But, of course, it only counts if it’s the head of state. If it’s a lackey – even a very high-up lackey, as high as Nick Smith, our Minister for the Environment – then it doesn’t work, because responsibility rests with someone who’s out of the room.
So I want John Key to go. But he doesn’t want to.
Even though expectations for Copenhagen have been downgraded, Al Gore has been pushing an optimistic line, saying that Copenhagen is step one and will start something around which momentum will build. And I think he’s right. Action on climate change comes from a social feedback loop; as political actions are taken, the electorate’s demand for action grows, so more action is taken. The political ground on climate change is shifting quickly. Its only three years (almost to the day) that I wrote a Now We Have Won post, saying that the argument is over and it’s time for action. The international consensus that now exists is a huge development from then – for example, Obama and Aussie PM Kevin Rudd have both fiercely attacked those who deny the science and seek to delay action – this from the two countries who didn’t sign the Kyoto agreement. Gore, it seems to me, has the right view on things, that Copenhagen should start things moving, and we can build on it once it’s on a roll.
(Rudd’s speech is a humdinger – there’s a good summary here.)
(And while I’m talking about positive action, shout out to beloved Scotland, which is seriously doing the business and putting other developed nations to shame. Nice one team!)
Greenpeace’s SIgn On campaign is now looking ahead to December 5, where it will hold a huge “Planet A” event in Auckland, Wellington and Christchurch to put some pressure on Copenhagen. (“Planet A” as in, “There is no Planet B”.) My favourite part is that a huge haka is being planned for Auckland, challenging the negotiators to pull finger and make something happen. (Oddly enough when this was in the early planning stages I was contacted via friend-of-friend links to give some advice. So I swapped a few emails discussing marketing and flashmobs and twitter with early Greenpeace-er Susi Newborn, who was part of the team who first bought a ship and named it ‘Rainbow Warrior’. New Zealand is a small place!)
(By the way, I hope like hell someone in Copenhagen turns up to demonstrate with a giant puppet Reptilicus. I mean, Reptilicus had to be released from its frozen tomb and thawed out before it could terrorize Copenhagen. Climate change might deliver a whole horde of Reptilici to feast upon the world!)

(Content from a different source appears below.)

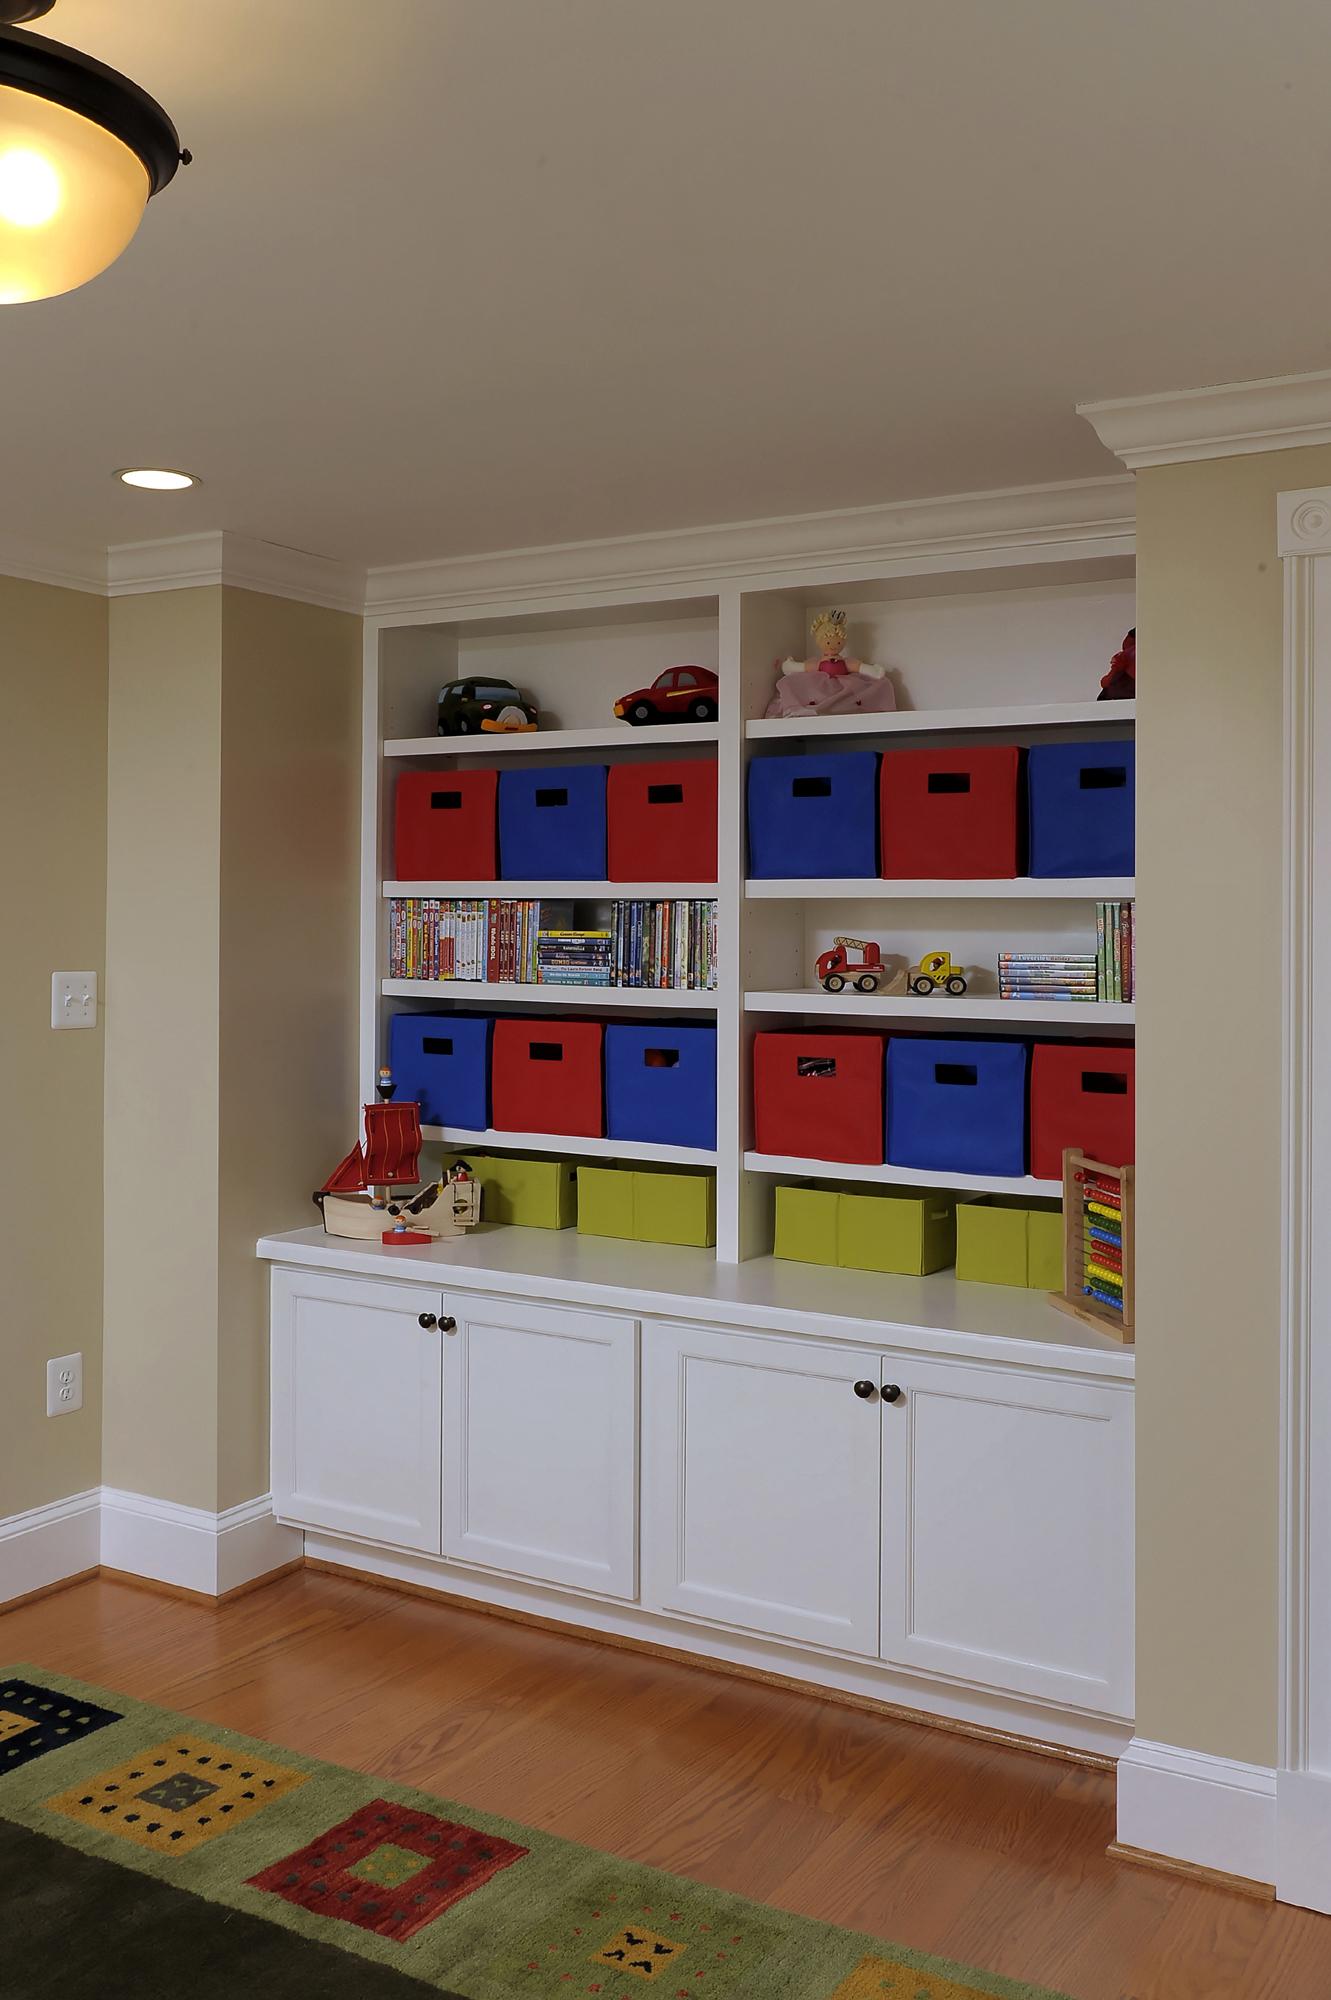 Room cabinet design ideas. storage ideas how tos for closets ...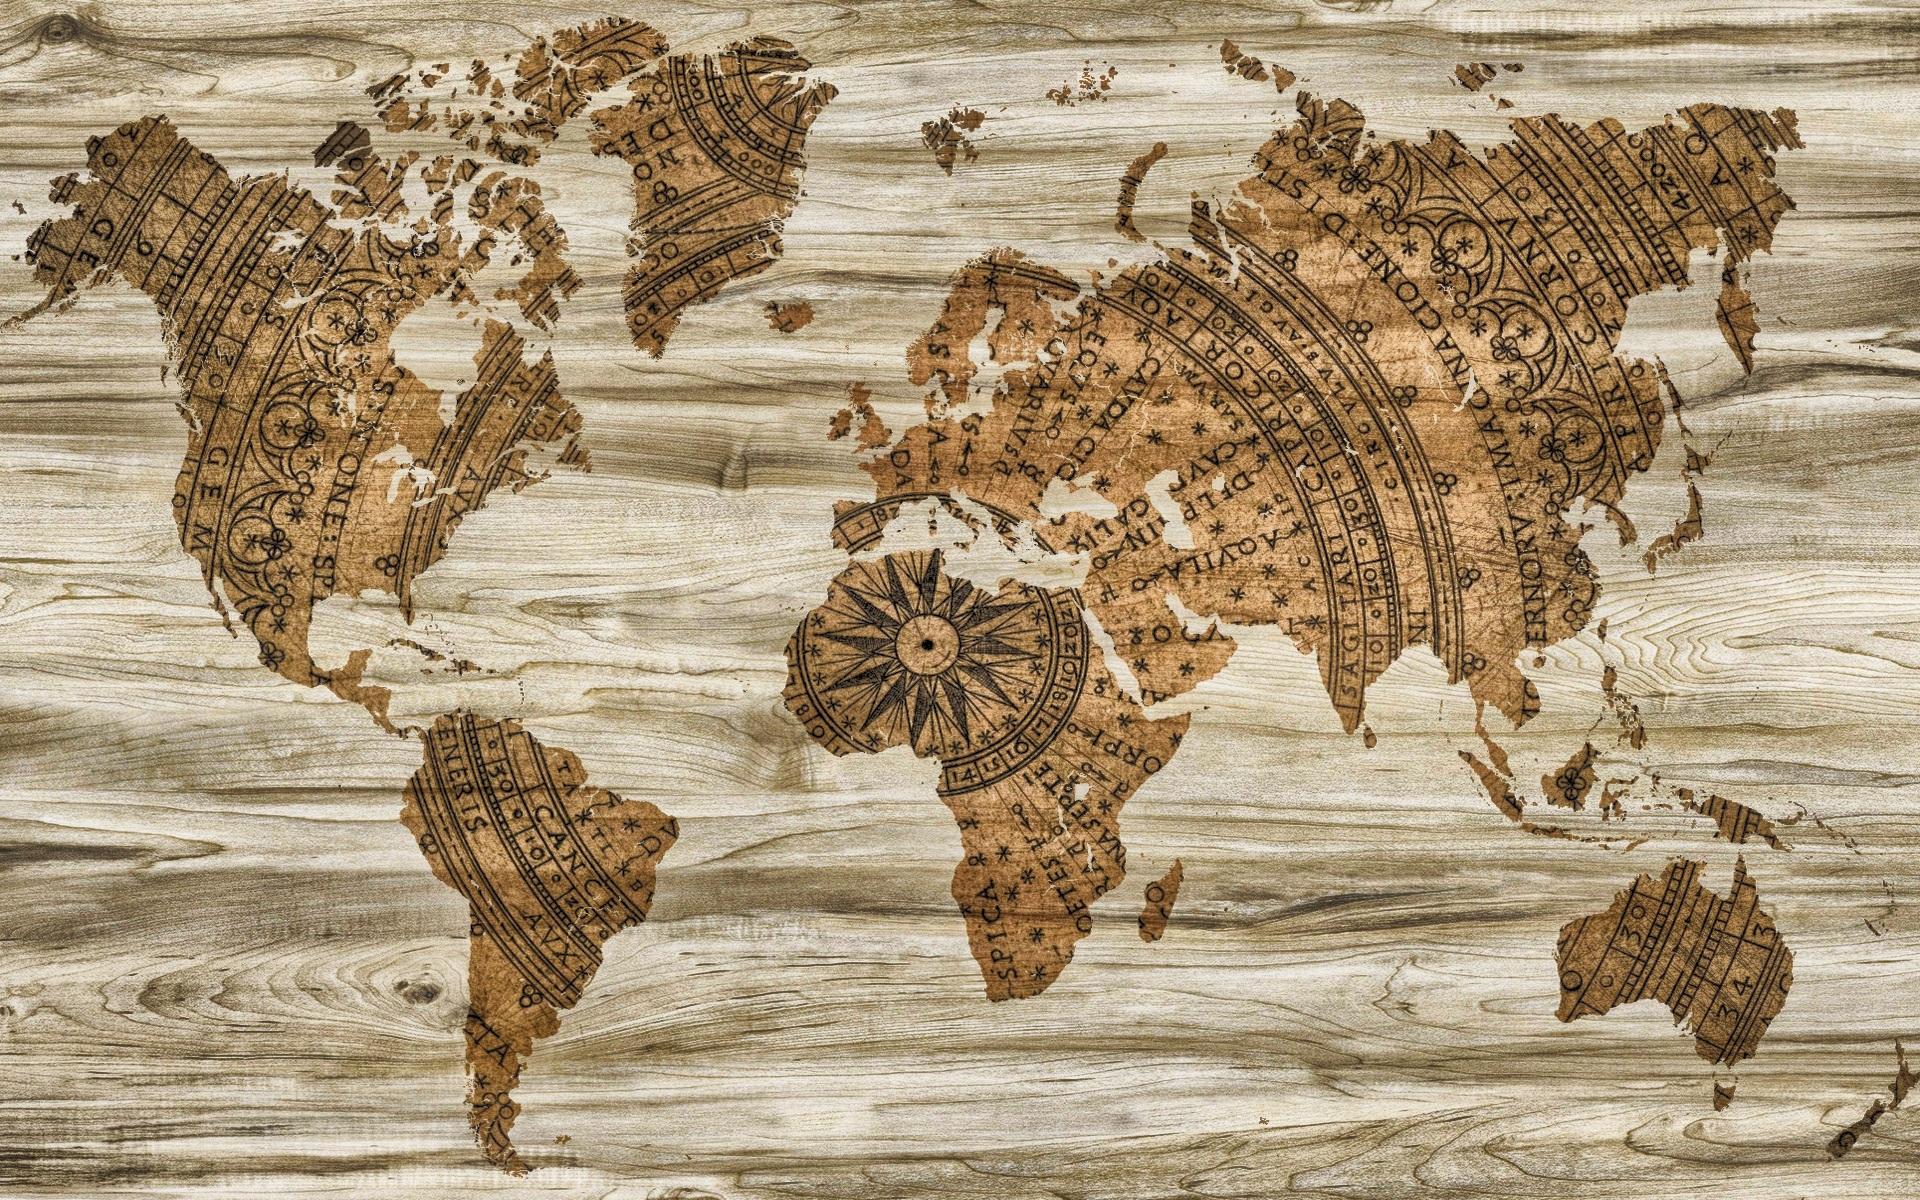 Fotos gratis madera textura br jula papel mapa for Mapa del mundo decoracion

Oh, also: heard yesterday that a friend who contacted the Sustainability Trust to volunteer for them was immediately asked, “Are you the person acknowledged in Morgan Davie’s thesis?” So it is being read by at least the odd person, which is pretty cool.

Dollhouse Closed


A week ago news broke that Dollhouse was cancelled. This was greeted with much wailing (and also some dancing on its grave) but creator Joss Whedon didn’t seem too stunned.
And rightly so. Dollhouse is incredibly strange television. It’s an ensemble series populated with characters who are defined either by their blankness or their overwhelming moral flaws – you don’t see that too much. It has a fitful mission-of-the-week structure that conceals its deeply troubling premise, except when it takes a 90-degree turn right into horrific territory. Sometimes it seems to really want you to feel dirty for watching it.
It’s easily the most unusual piece of television I’ve ever seen, and it’s incredible that it got made at all. I am still dumbfounded that a second season was approved, but I’m thankful, because Dollhouse as a whole is challenging and fascinating TV, even if (and sometimes because) it fails at some core broadcast-TV responsibilities.
So there’s no wailing from me. Fox did right by Dollhouse, renewing it against all odds. They showed unusual faith.
The series will play better on DVD than on TV. It’ll make it much easier getting through the opening five episodes, which were heavily messed with by the studio and feel like a completely different show to what came after. The subtle character beats will be a lot stronger in a watching binge than strung out over months. Even the weird and claustrophobic setting should feel a lot homelier when you adjust to it in one hit. So that’s good.
And also: Dollhouse revealed the genius that is Enver Gjokaj. Guy can do anything. Someone give him his own TV show already!

Off The Ropes

I’m delighted to direct some eyeballs at “Off The Ropes“, the labour-of-love that is bringing home-grown Pro Wrestling back to television screens (and YouTube channels) here in NZ.
It screens Sunday afternoons on Prime TV, and the first half-hour episode is available in full at the Off The Ropes website.
Massive congratulations to friend-of-this-parish Blair “The Flair” Rhodes who calls the matches and makes more than a few appearances on-screen. This is great fun TV, with wrestlers promoting their own awesomitude, glimpses of behind-the-scenes shenanigans, and of course a couple of exciting bouts.
I’ve embedded the first 6-minute chunk.

Auditions are hard


Over the weekend we held auditions for Affair of the Diamond Necklace. One of our lovely performers is unfortunately unavailable for the remount, so we needed to recast promptly.
It’s the first time I’ve been involved in auditions and it was really quite tricky.
Everyone who auditioned was great and would own the part. I had, in my innocence, thought that auditioning would be about picking someone who was “best”. BZZZZT! No, they were all very good, so the decision was made on much more complex grounds – who had the right look, whose version of the character seemed closer to our goals, who seemed like they’d mesh well with the rest of the cast. Much of it came down to things that I don’t have a vocabulary for, so I was just flailing my hands around talking about how someone had “compatible energy”. (It’s interesting to me how much of the information we use isn’t located in language.)
Anyway, it fell to me to make the decision, and really it was a no-lose situation – all the people we saw would kill in the part – but I tried to find a good process. So I went with my gut, tried to talk myself out of it with my brain, and when I failed to do so, found that the decision was made.
Then came the hardest part, which was phoning the unsuccessful people to tell them they didn’t get it. Thankfully everyone’s professional and they made it very easy on me!
So now we’ve got a full cast again. Rehearsal tonight – looking forward to it!